EXERCISE PROMPT >> Return only these lines: the one that contains "Acne Studios - Brushed" and every line after it through the end of the listing, exactly, without pictures.

-------- INFORMATION SUPPLIED

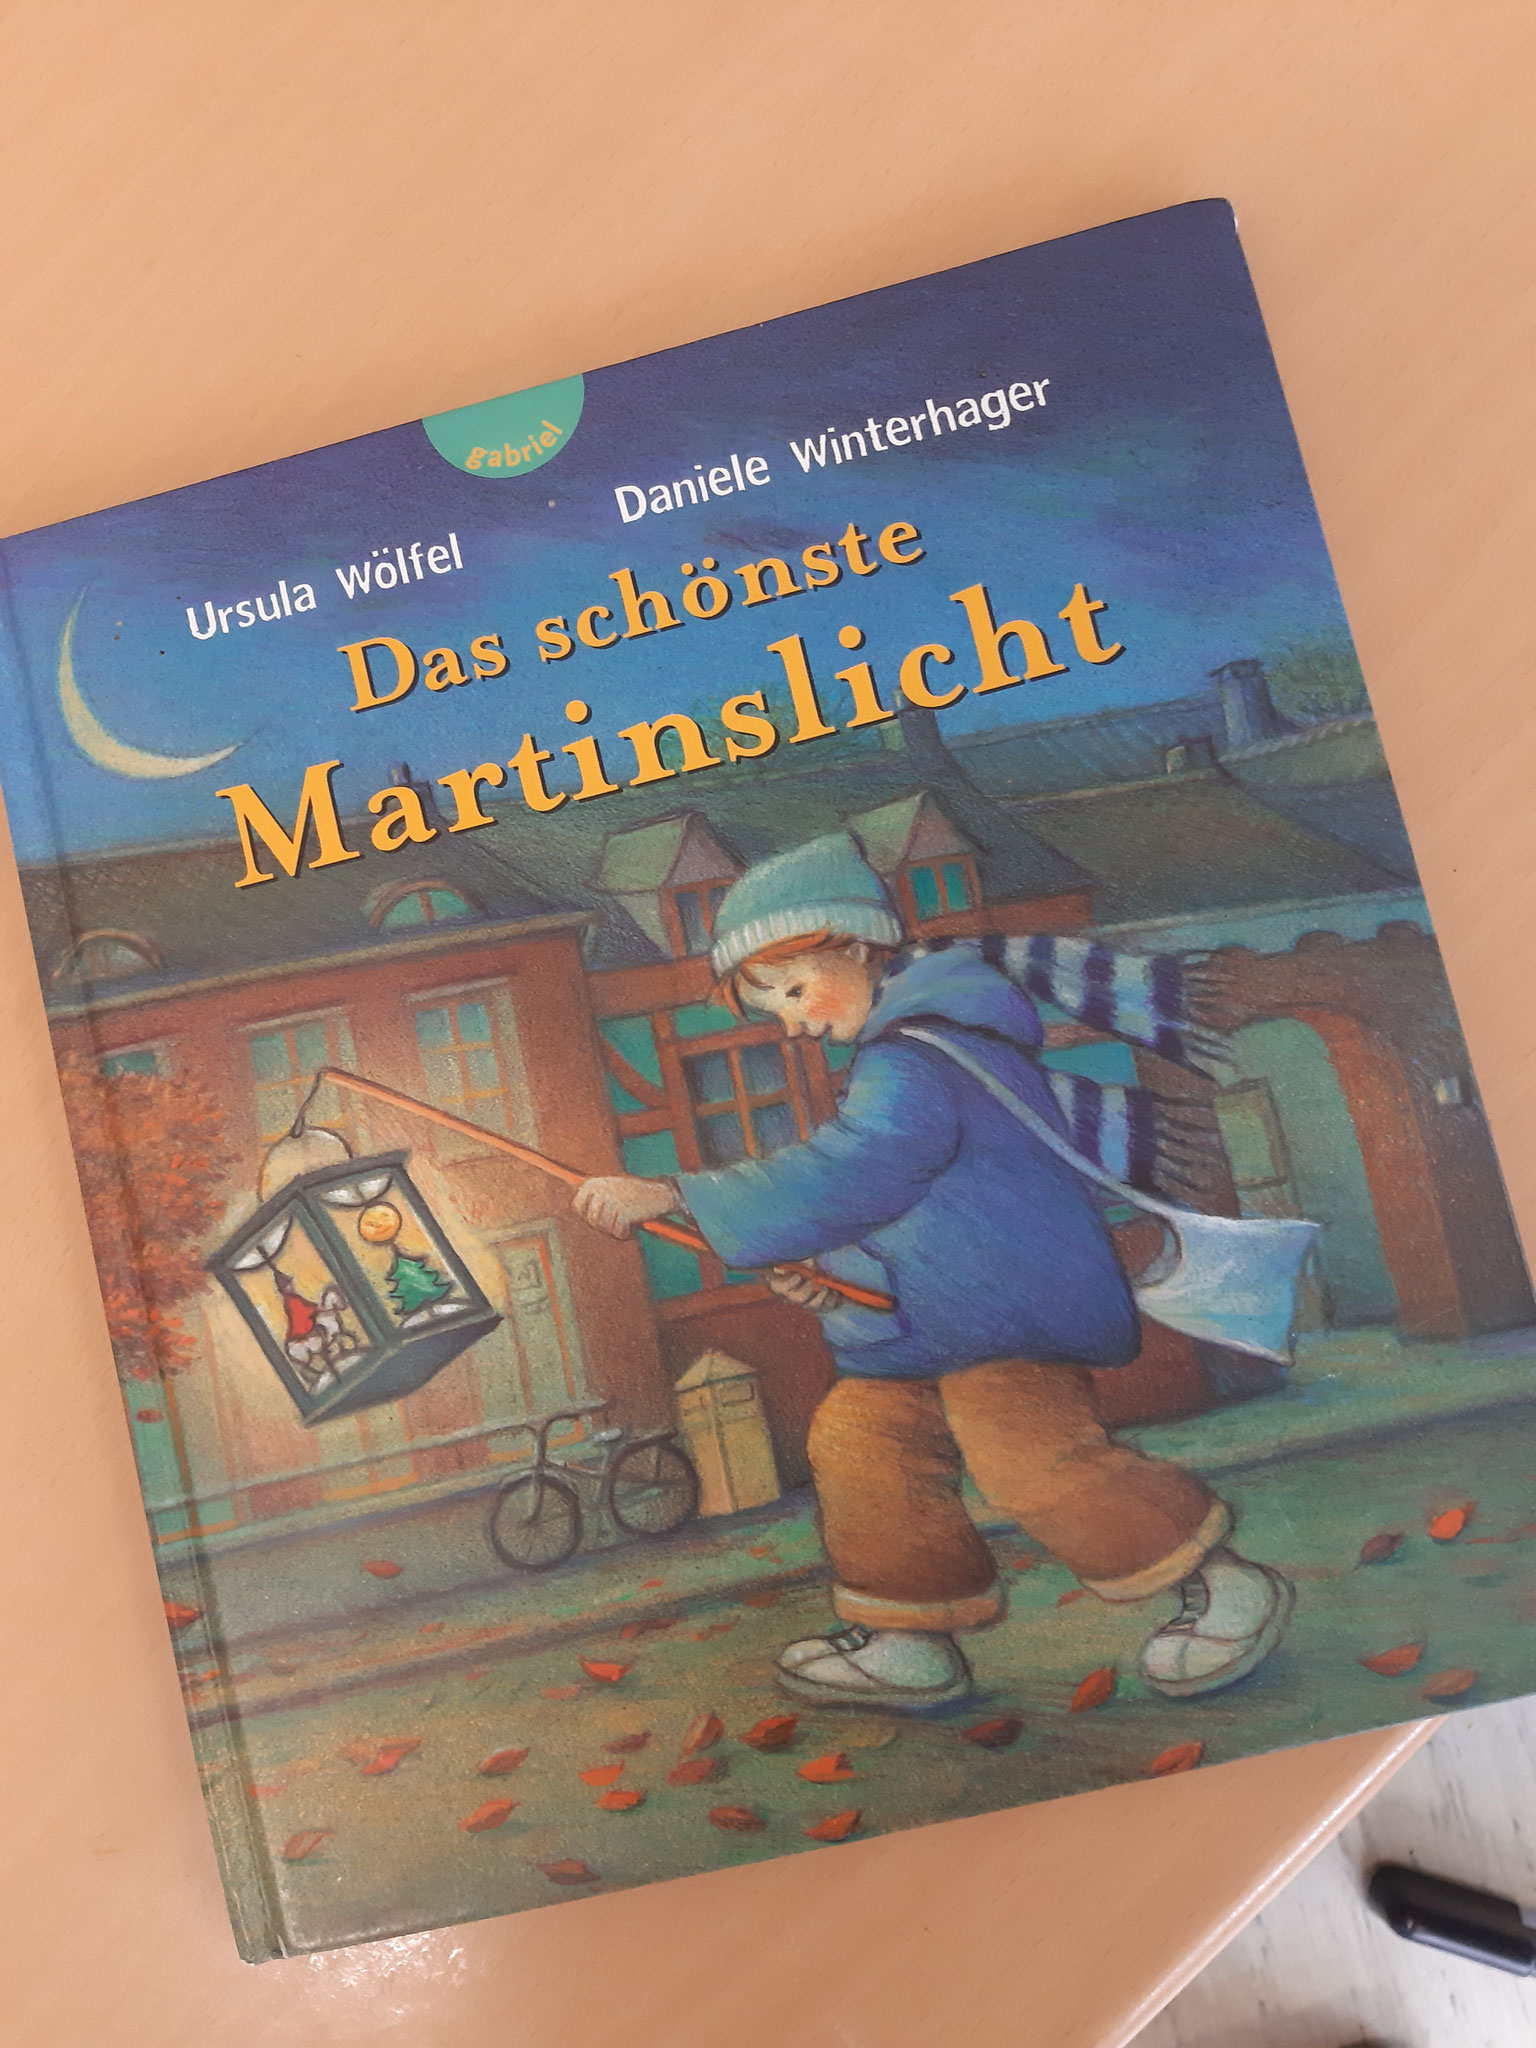 Wir haben das Bilderbuch " Das schönste Martinslicht" von Ursula Wölfel vorgelesen bekommen.
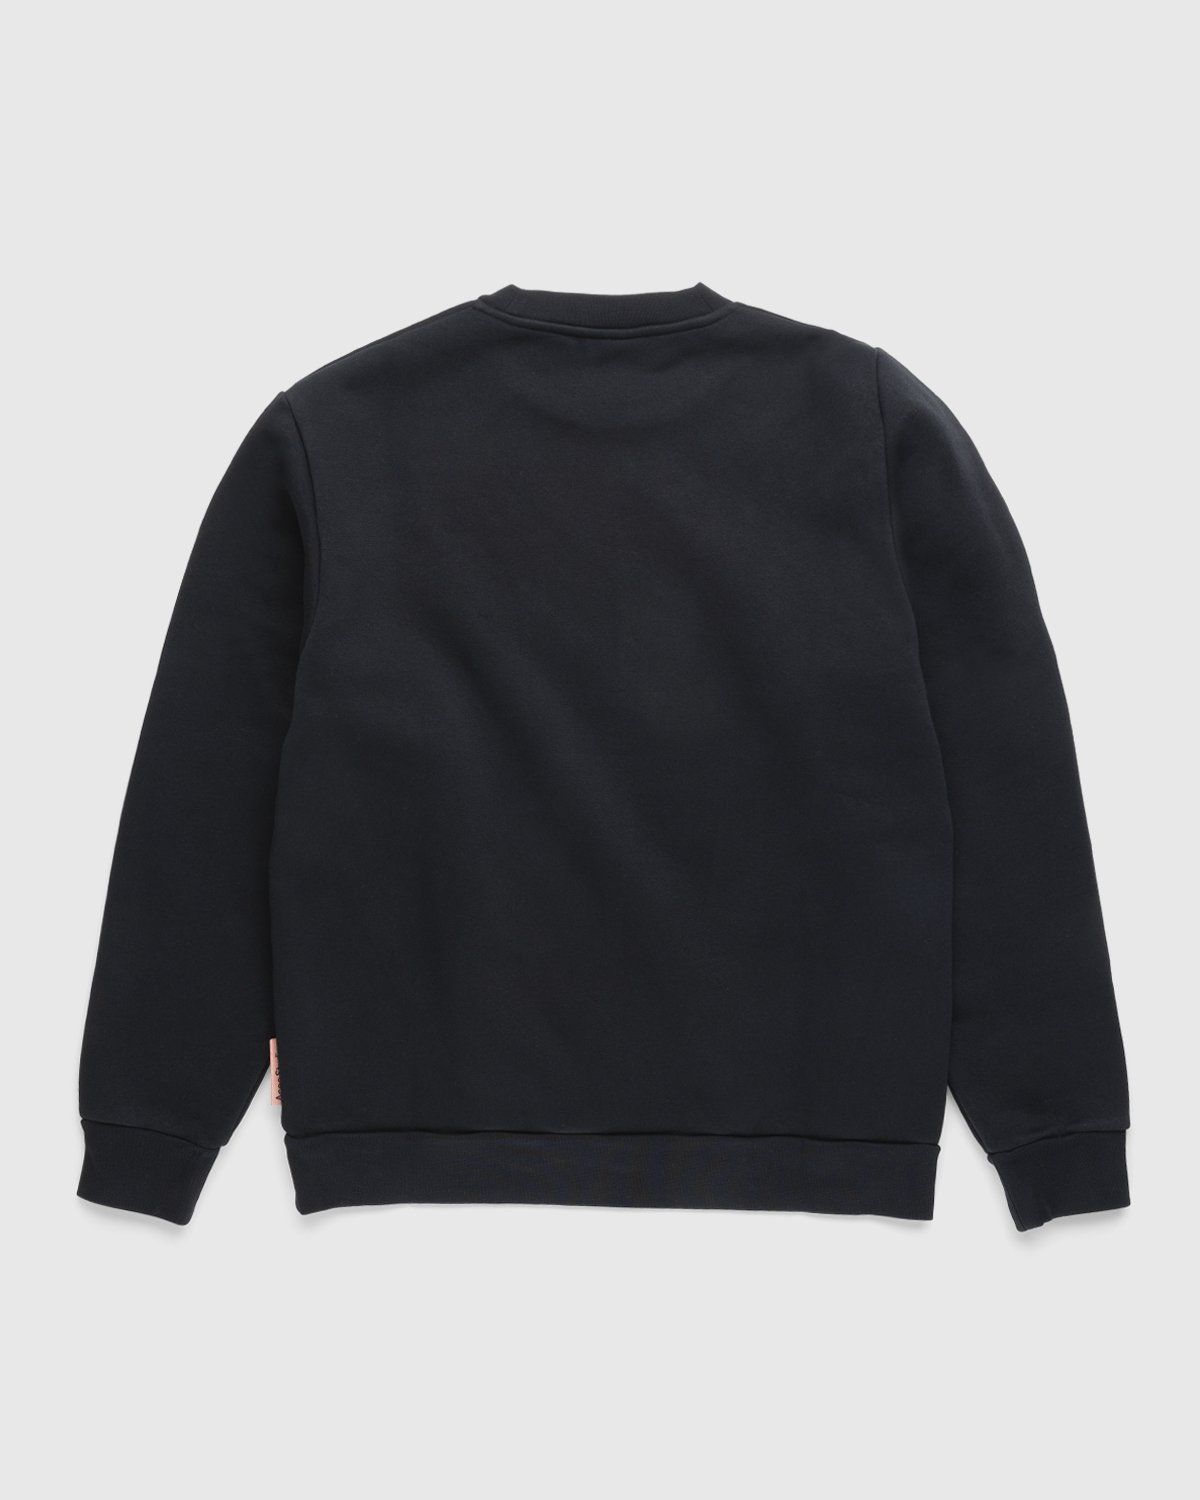 Acne Studios - Brushed Sweatshirt Black - Clothing - Black - Image 2
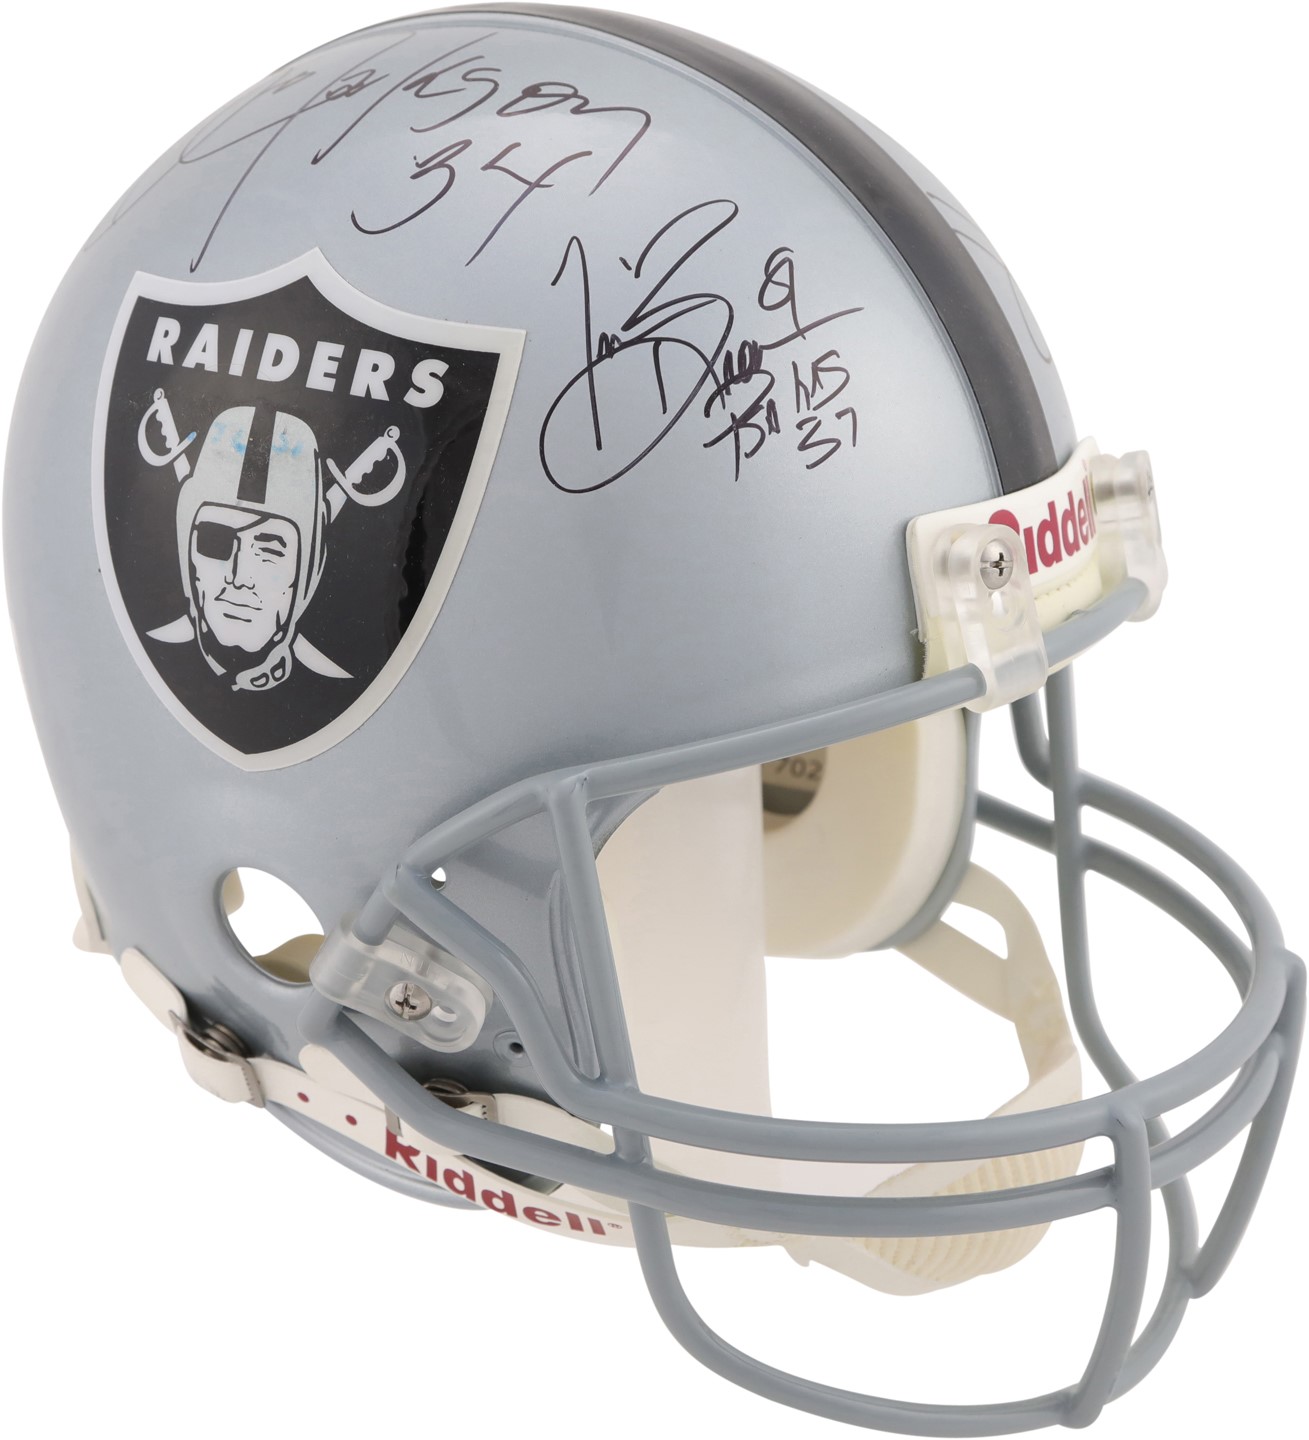 - Raiders Legends Signed Helmet

----------------

EXERCISE RESPONSE >>
 Acne Studios - Brushed Sweatshirt Black - Clothing - Black - Image 2
 - Raiders Legends Signed Helmet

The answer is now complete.